Work instruction: In your reply, repeat the full listing exactly and leave each picture out.

Data segment:
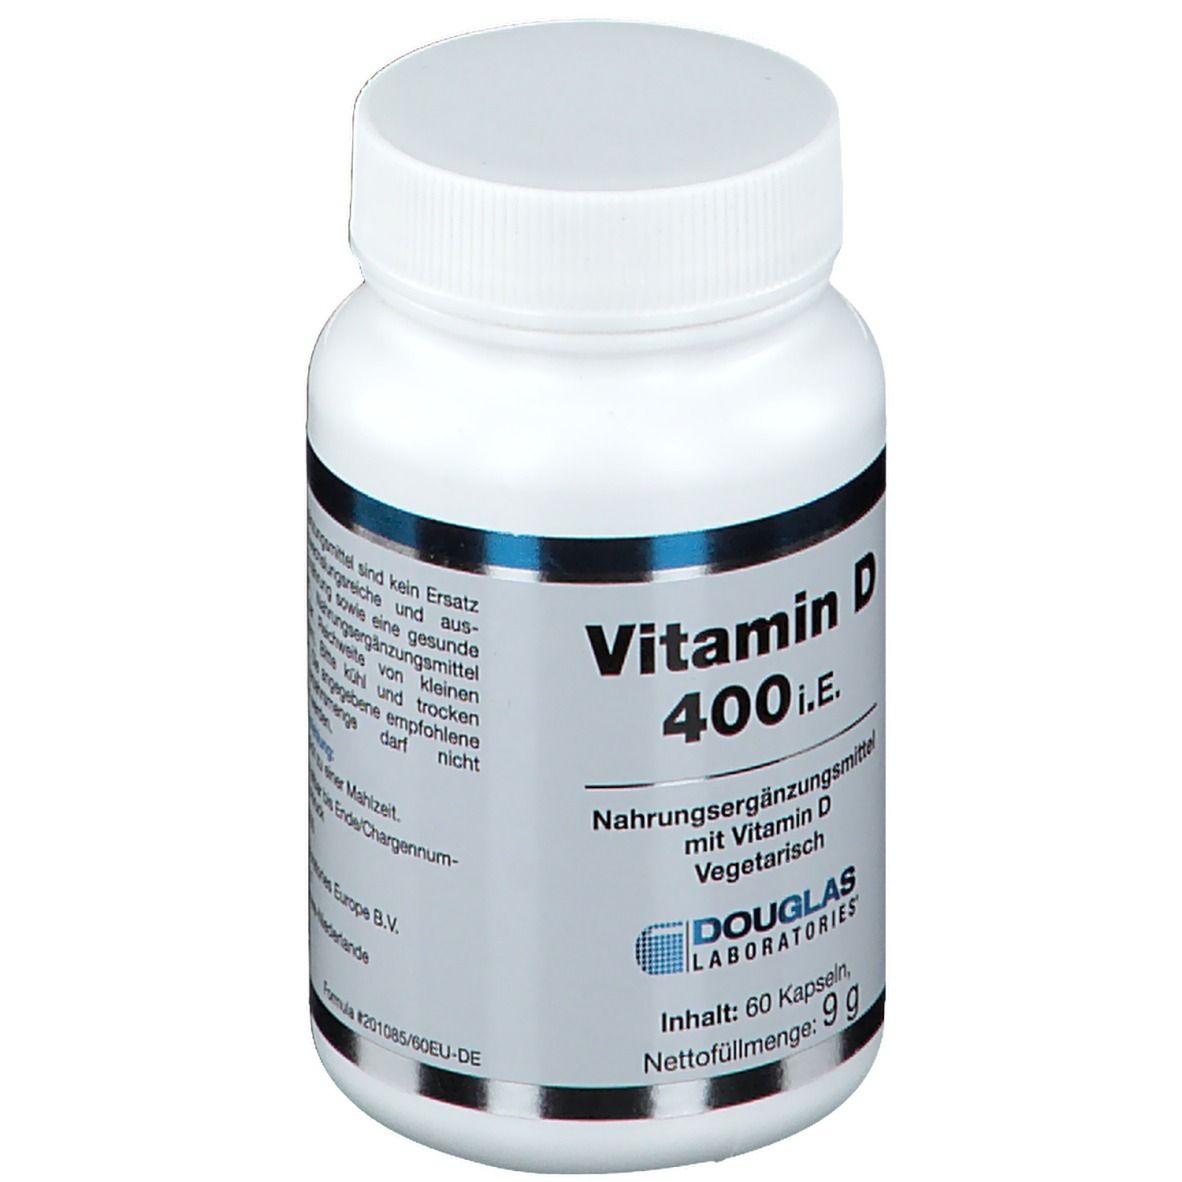 Vitamin D 400 I.E.
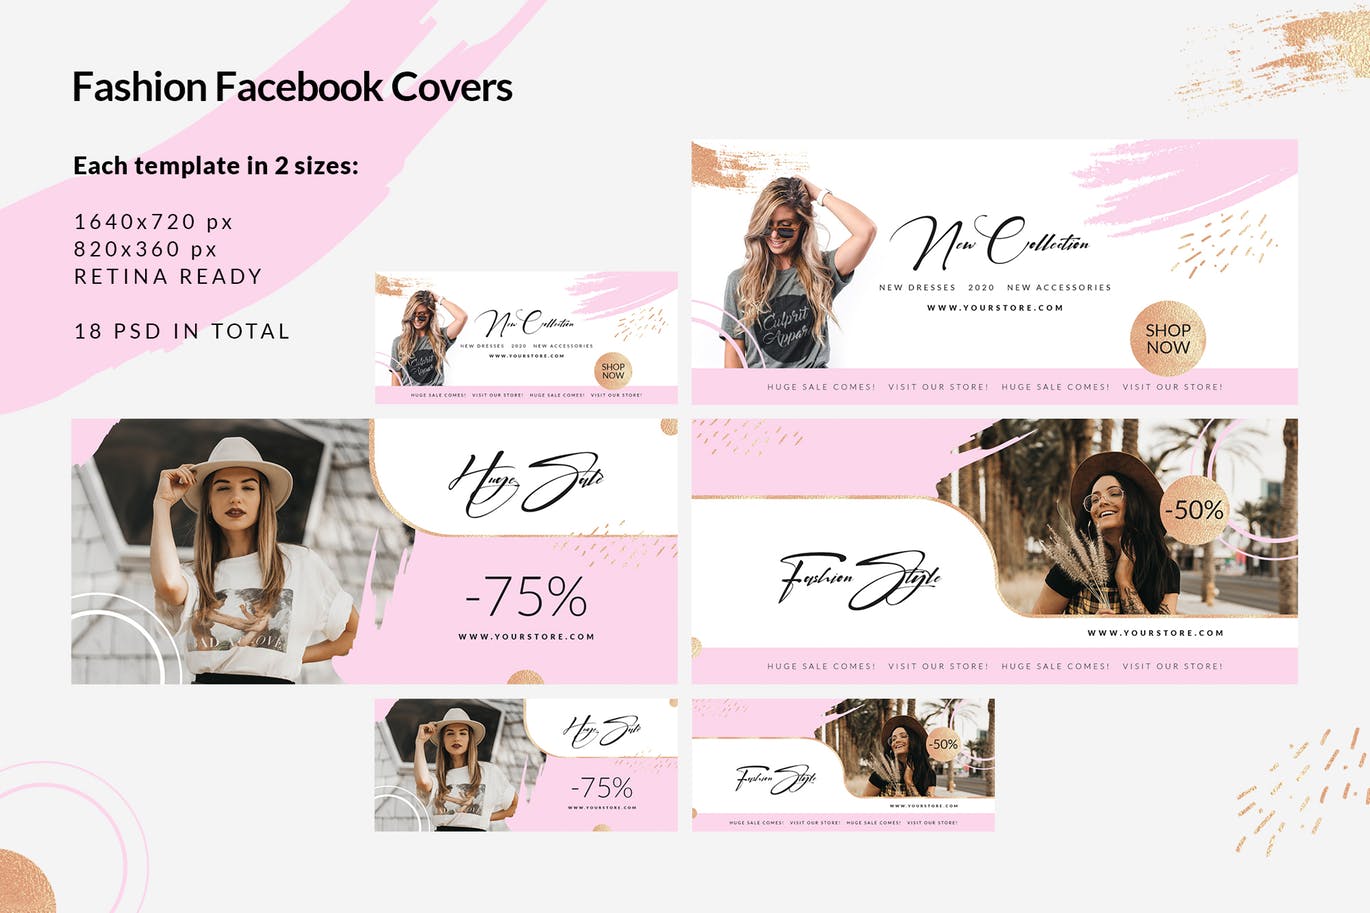 时尚品牌打折促销Facebook封面设计模板16图库精选 Fashion Facebook Covers插图(2)
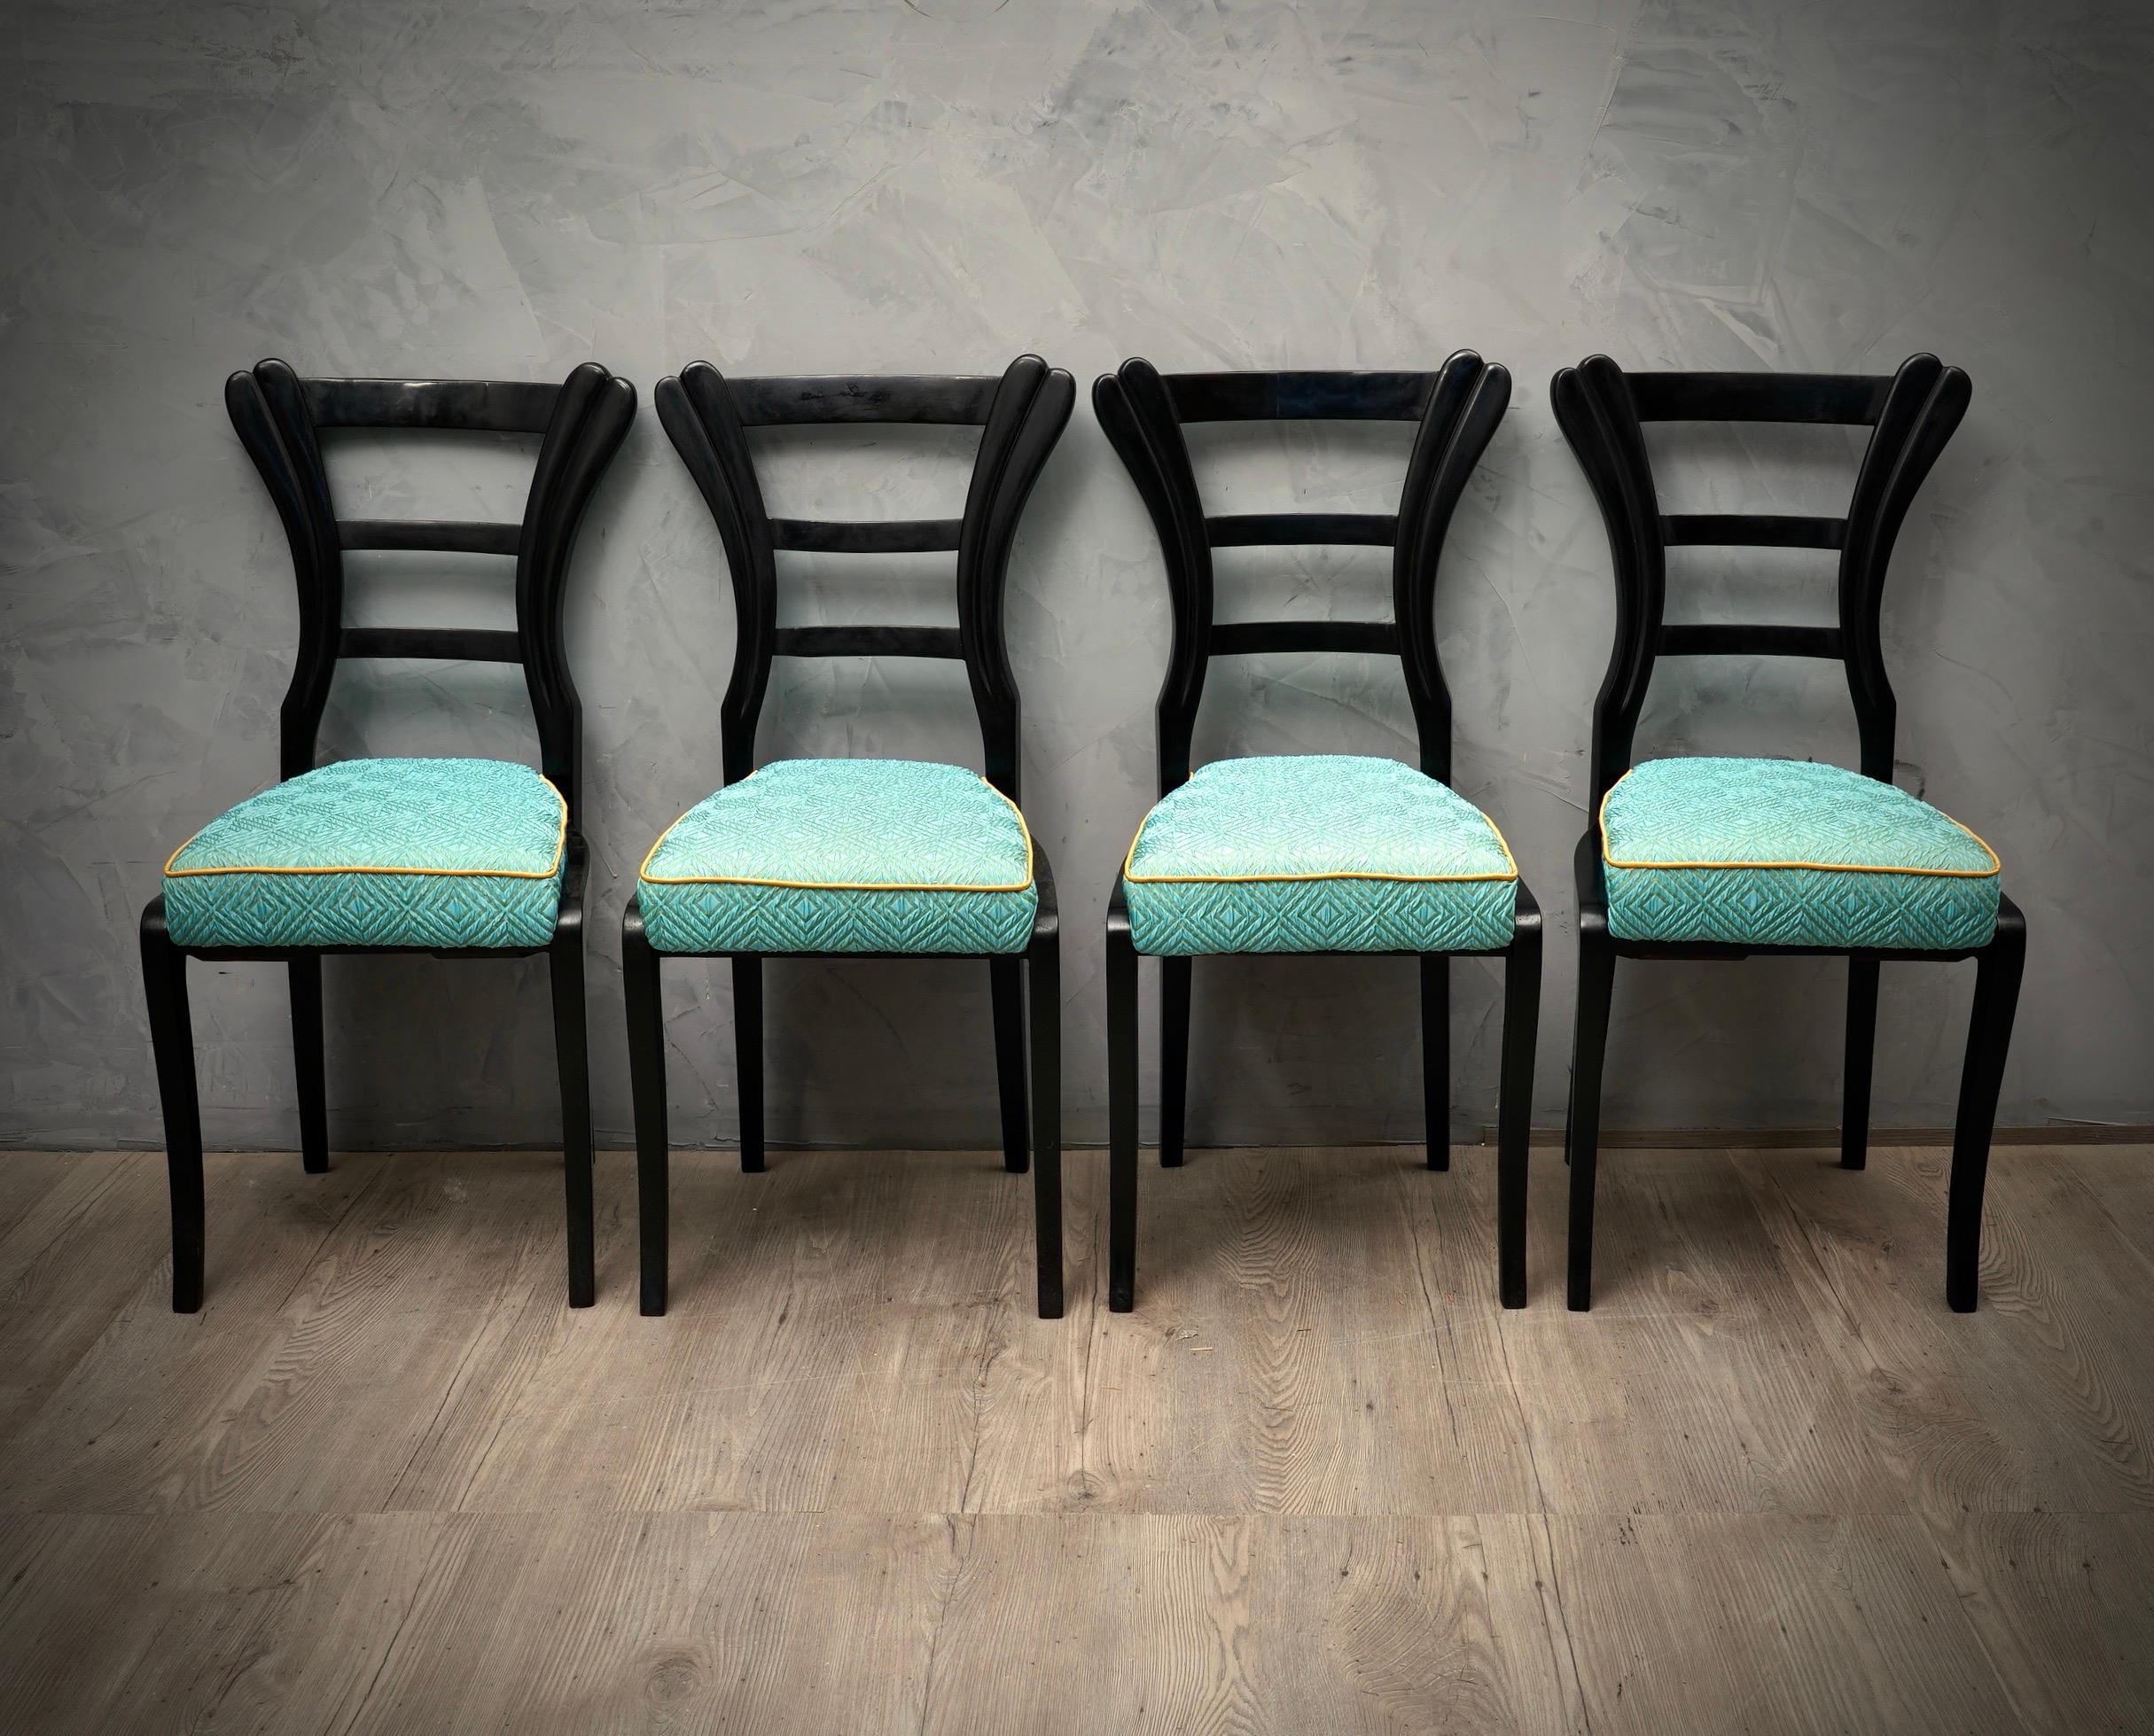 Quatre belles chaises Biedermeier au design inimitable, de la gomme-laque noire pour la structure et une belle soie bleue pour l'assise.

Les chaises sont polies à la gomme-laque noire, ont un très beau design, des pieds avant en sabre et un dossier

Reply to the exercise:
 Vitamin D 400 I.E.
 时尚品牌打折促销Facebook封面设计模板16图库精选 Fashion Facebook Covers插图(2)
 Quatre belles chaises Biedermeier au design inimitable, de la gomme-laque noire pour la structure et une belle soie bleue pour l'assise.

Les chaises sont polies à la gomme-laque noire, ont un très beau design, des pieds avant en sabre et un dossier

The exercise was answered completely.